The DNS works just fine if I use http://my-domain.duckdns.org:8123
I cannot connect via ssl (https). I get one of two errors.
If I try https://my-domain.duckdns.org, I get "This site can’t be reached, my-domain.duckdns.org refused to connect. ERR_CONNECTION_REFUSED.
If instead, I try https://my-domain.duckdns.org:8123, I get "This site can’t provide a secure connection, my-domain.duckdns.org sent an invalid response. ERR_SSL_PROTOCOL_ERROR.
I’m using Chrome as my browser, but I’ve tried Safari and the Chrome browser on an Android phone not connected to WiFi.
I’ve tried uninstalling/reinstalling several times.
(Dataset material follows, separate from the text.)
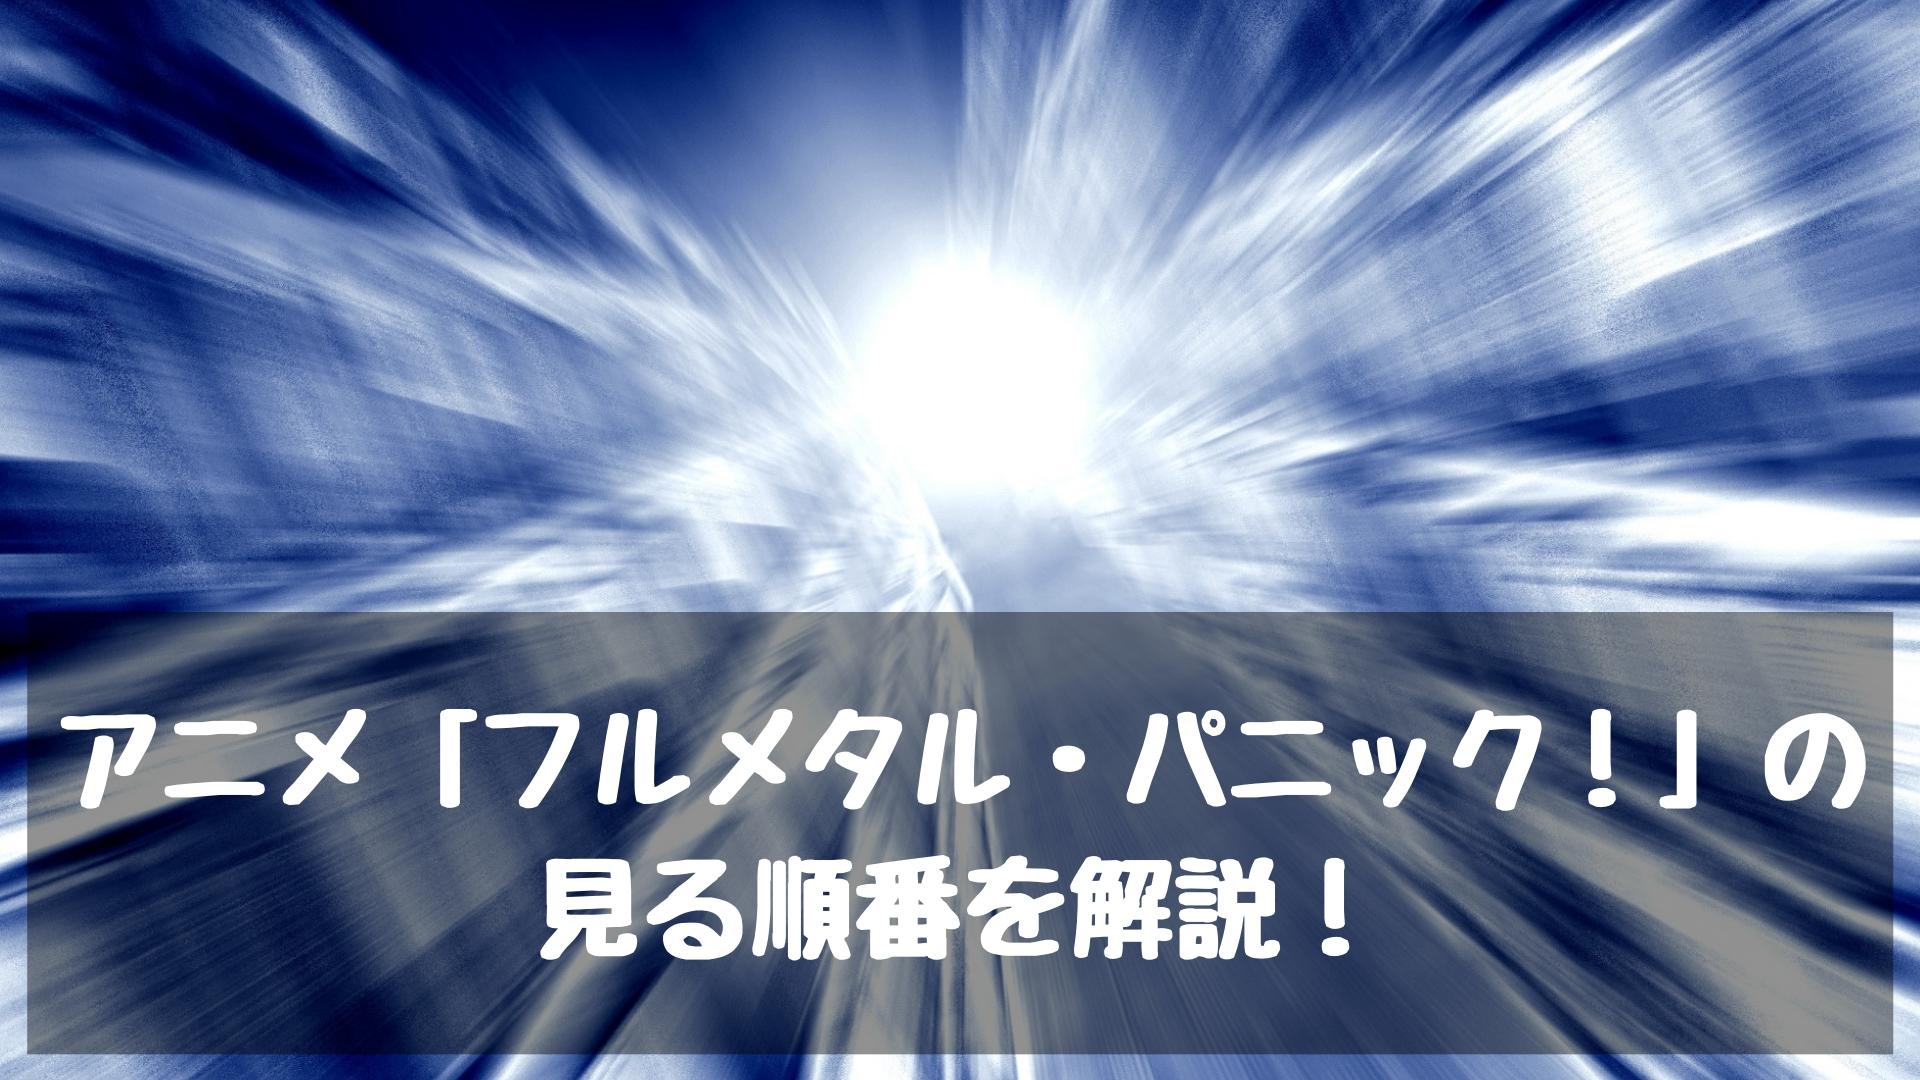 アニメ「フルメタル・パニック!」の見る順番を解説!順番を間違えたら面白さ半減!?
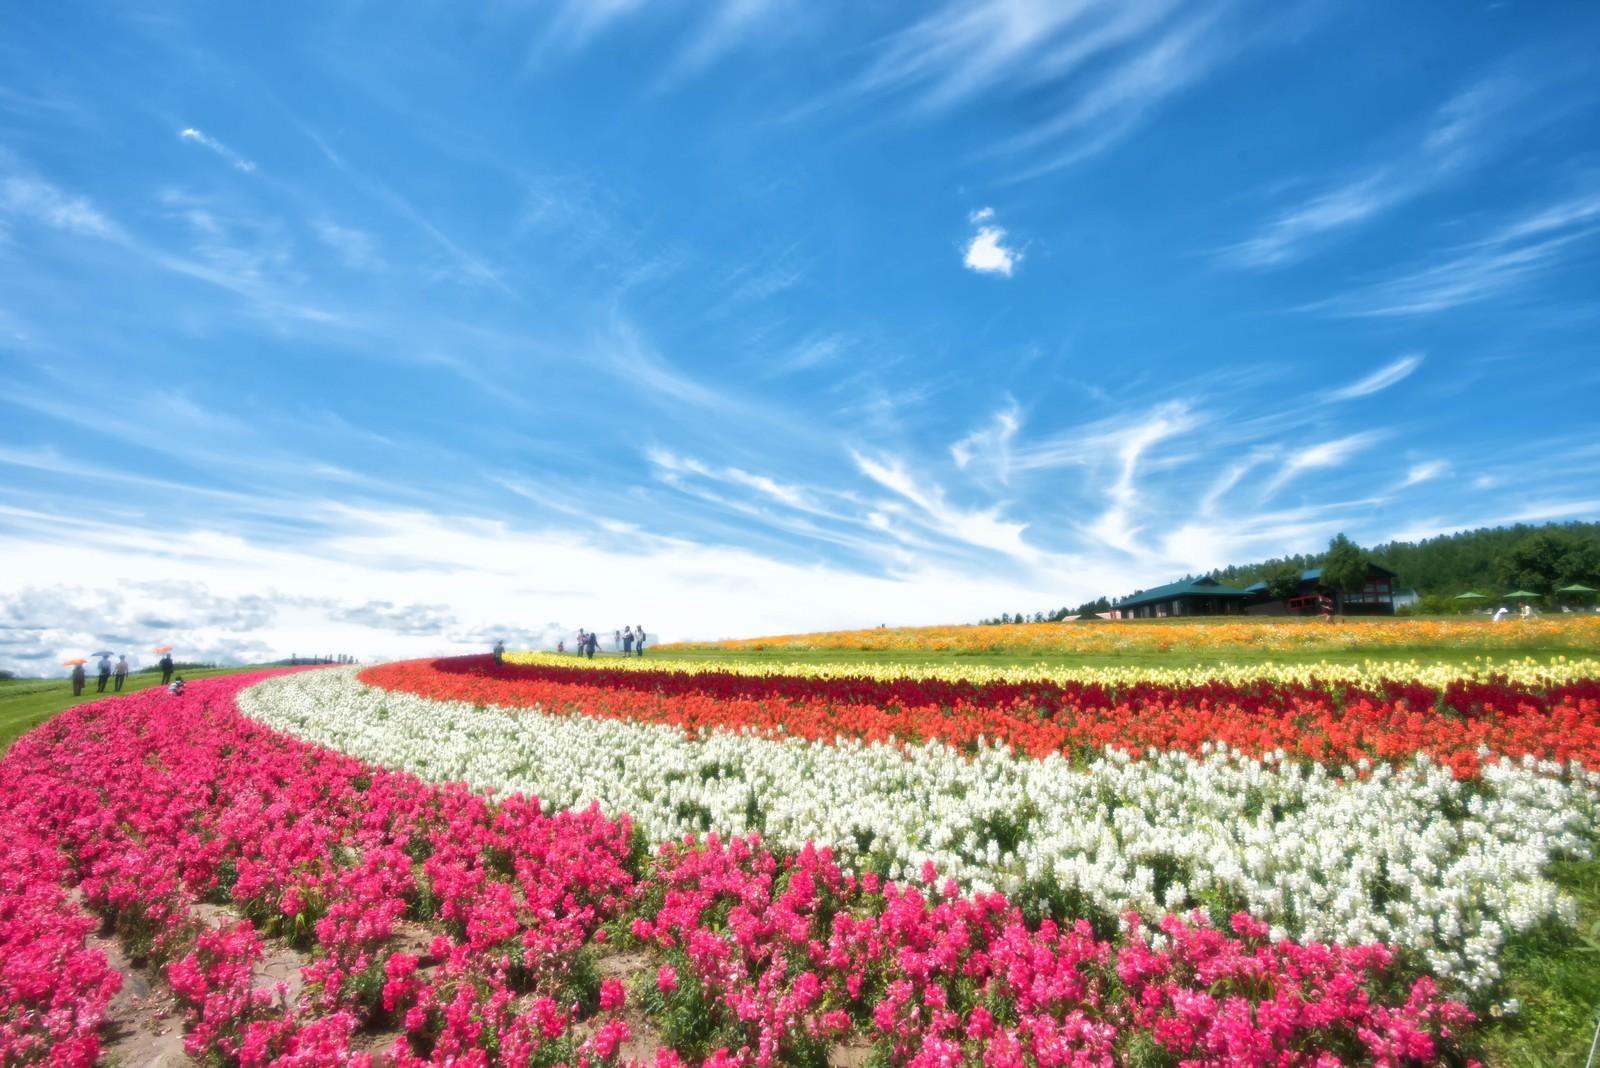 「色とりどりの花畑と青空が織り成す富良野の風景」の写真

relevant section of configuration.yaml (with my-domain substituted for the domain).
http:
#api_password: !secret http_password
base_url: https://my-domain.duckdns.org:8123
ssl_certificate: /ssl/fullchain.pem
ssl_key: /ssl/privkey.pem

Duck DNS Add-on Log file (with my-domain substituted for the domain): `# INFO: Using main config file /data/workdir/config
+ Generating account key...
+ Registering account key with ACME server...
+ Done!
Fri Feb  8 20:43:09 CST 2019: OK
47.185.23.235
NOCHANGE
# INFO: Using main config file /data/workdir/config
 + Creating chain cache directory /data/workdir/chains
Processing my-domain.duckdns.org
 + Creating new directory /data/letsencrypt/my-domain.duckdns.org ...
 + Signing domains...
 + Generating private key...
 + Generating signing request...
 + Requesting new certificate order from CA...
 + Received 1 authorizations URLs from the CA
 + Handling authorization for my-domain.duckdns.org
 + 1 pending challenge(s)
 + Deploying challenge tokens...
OK + Responding to challenge for my-domain.duckdns.org authorization...
 + Challenge is valid!
 + Cleaning challenge tokens...
OK + Requesting certificate...
 + Checking certificate...
 + Done!
 + Creating fullchain.pem...
 + Done!`

In addition, I forwarded ports 443 and 8123 on my router. Port 80 is blocked by the ISP, but I don’t think that matters anymore.

Can someone help?

2

First, let me apologize for not using the markup in the log file. I thought I hit it. I know I used it below.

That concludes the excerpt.